Abstract: ECPN Student Poster Contestant: Examining the Effectiveness of Head Start Trauma Smart: Preschool Staff Satisfaction, Knowledge, and Attitudes (Society for Prevention Research 27th Annual Meeting)

258 ECPN Student Poster Contestant: Examining the Effectiveness of Head Start Trauma Smart: Preschool Staff Satisfaction, Knowledge, and Attitudes

Wednesday, May 29, 2019
Pacific D/L (Hyatt Regency San Francisco)
* noted as presenting author
Andrew Orapallo, BA, Doctoral Student, Tulane University, New Orleans, LA
Billie-Jo Grant, PhD, Faculty, Cal Poly State University, San Luis Obispo, CA
Courtney Baker, PhD, Associate Professor, Tulane University, New Orleans, LA
Introduction: Exposure to adverse experiences and/or trauma has shown to have detrimental effects on the social-emotional development of young children. Unfortunately, few evidence-based interventions exist to thwart these effects, particularly for preschool-aged children. Head Start programs are one ideal setting to identify at-risk children and provide the appropriate support for them and their families. Head Start Trauma Smart (HSTS) is an early intervention program designed to alleviate the negative impacts of trauma exposure by creating a trauma-informed culture in preschool classrooms. The HSTS intervention includes four components: staff and caregiver training on trauma-informed care, peer-based mentoring, classroom consultation, and individual trauma-focused cognitive behavior therapy. We explored the effectiveness of HSTS by measuring overall satisfaction of the training provided by HSTS, post-training knowledge about trauma-informed care, and pre-to-post changes on the Attitudes Related to Trauma-Informed Care (ARTIC) scale.

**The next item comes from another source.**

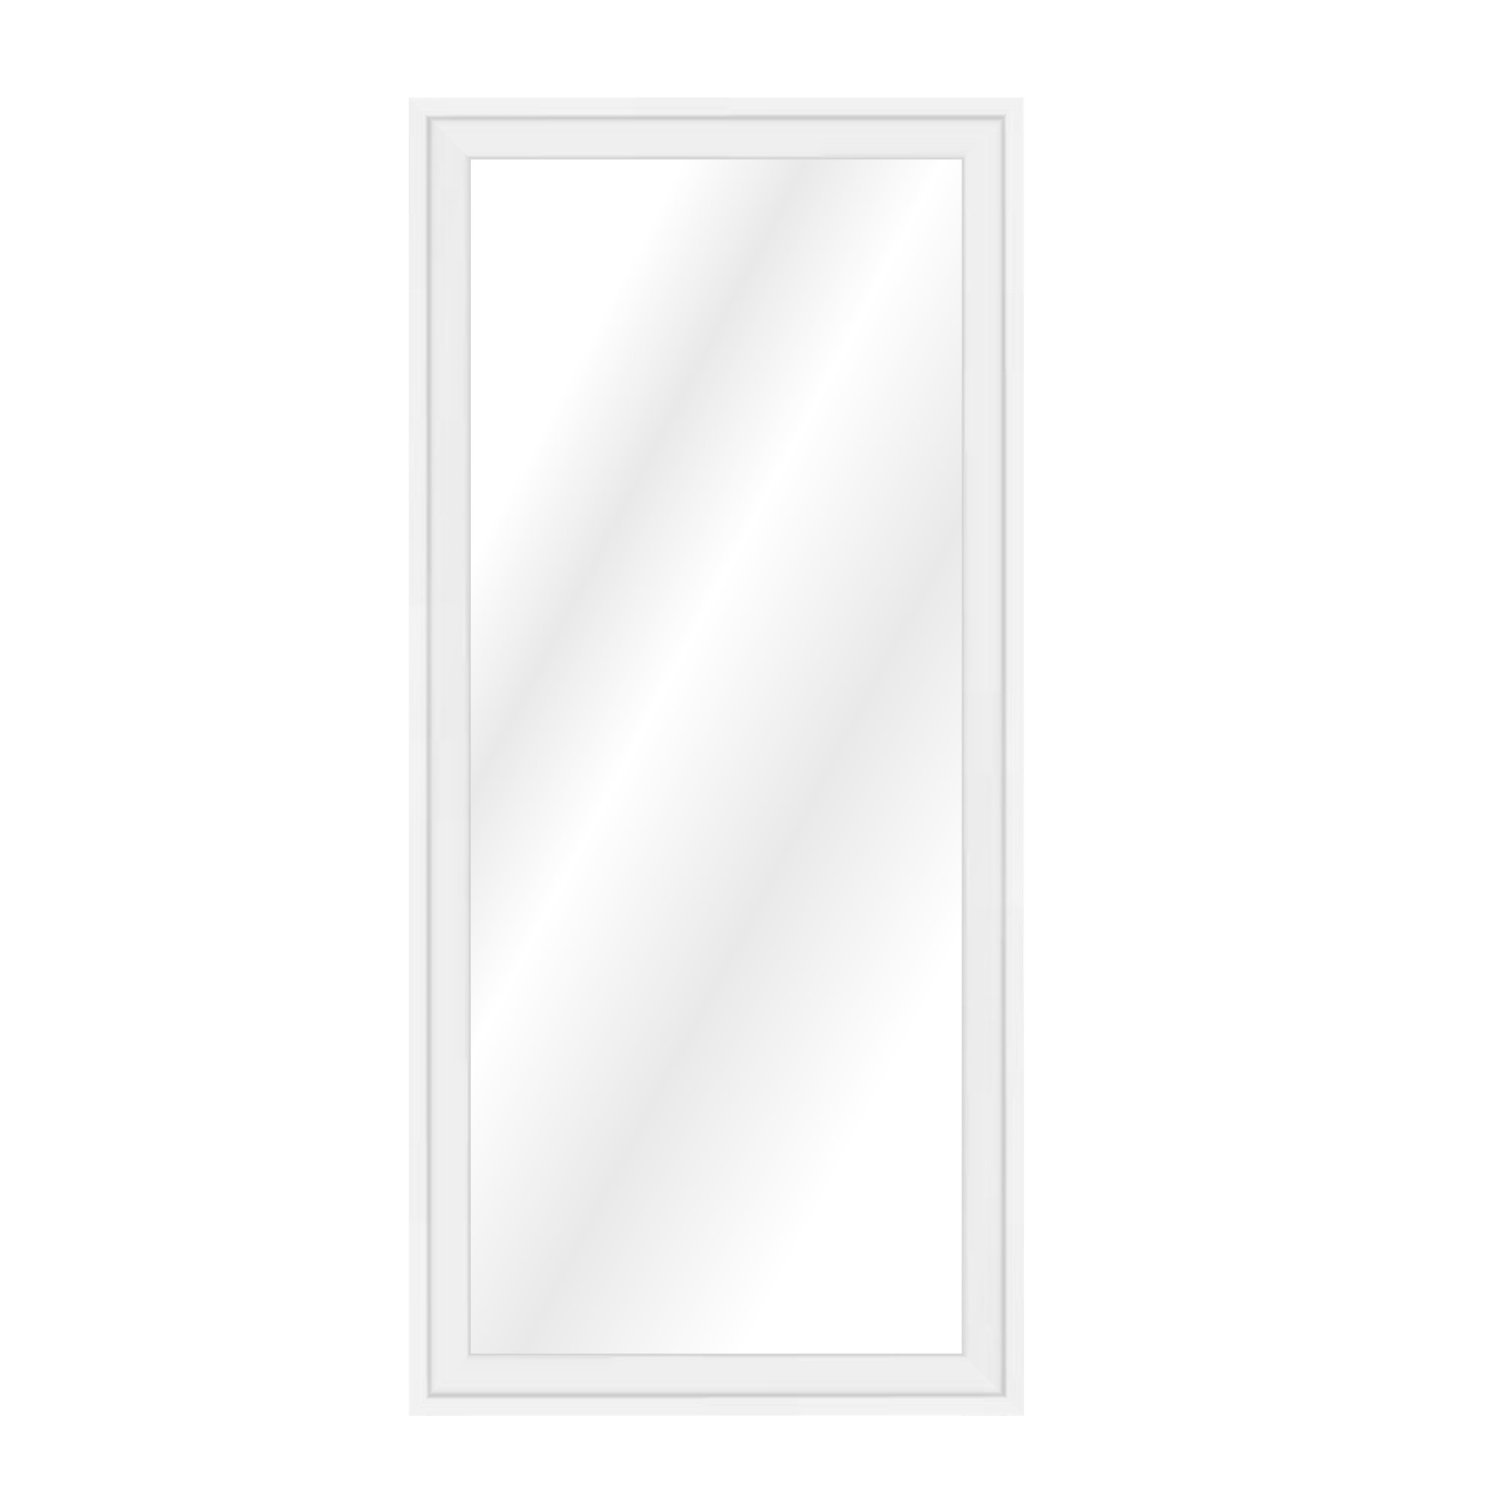 Espelho Elegant 150br 70cm X 150cm - 1

Methods: Staff (N = 1,469) from two cohorts of sites implementing HSTS were included in this study. HSTS training was delivered in two-hour segments once a month for ten months. The remaining intervention components were provided continuously across the school year. Pre-to-post changes in attitudes related to trauma-informed care were collected prior to and immediately following participation in a 10-module training sequence. Staff also completed learning checks after each module, which consisted of staff answering three multiple-choice questions. Lastly, staff self-reported overall satisfaction of HSTS on a five-point likert scale at the conclusion of each module.

Results: The percentage of participants who reported positive satisfaction with the overall training program was 96%. Staff tended to answer most learning checks correctly with percent correct for each module ranging from 73% to 94%. The average across all modules was 84%. Finally, staff reported significant attitude changes from pretest to posttest on the ARTIC scale following completion of the HSTS training program. Paired-samples t-tests showed a significant increase in positive attitudes related to trauma-informed care for the overall ARTIC scale and for all subscales. Effect sizes ranged from .20 to .43. Small to small-medium effects were found for all subscales, with a small effect for the overall ARTIC scale. (d = .30).

Conclusions: Findings suggest HSTS is an effective program for shifting staff attitudes related to trauma-informed care in Head Start preschool classrooms. HSTS also shows promise in training preschool staff to implement best practices in creating a trauma-informed culture, as well as to promote positive social-emotional development for preschool children with histories of trauma exposure.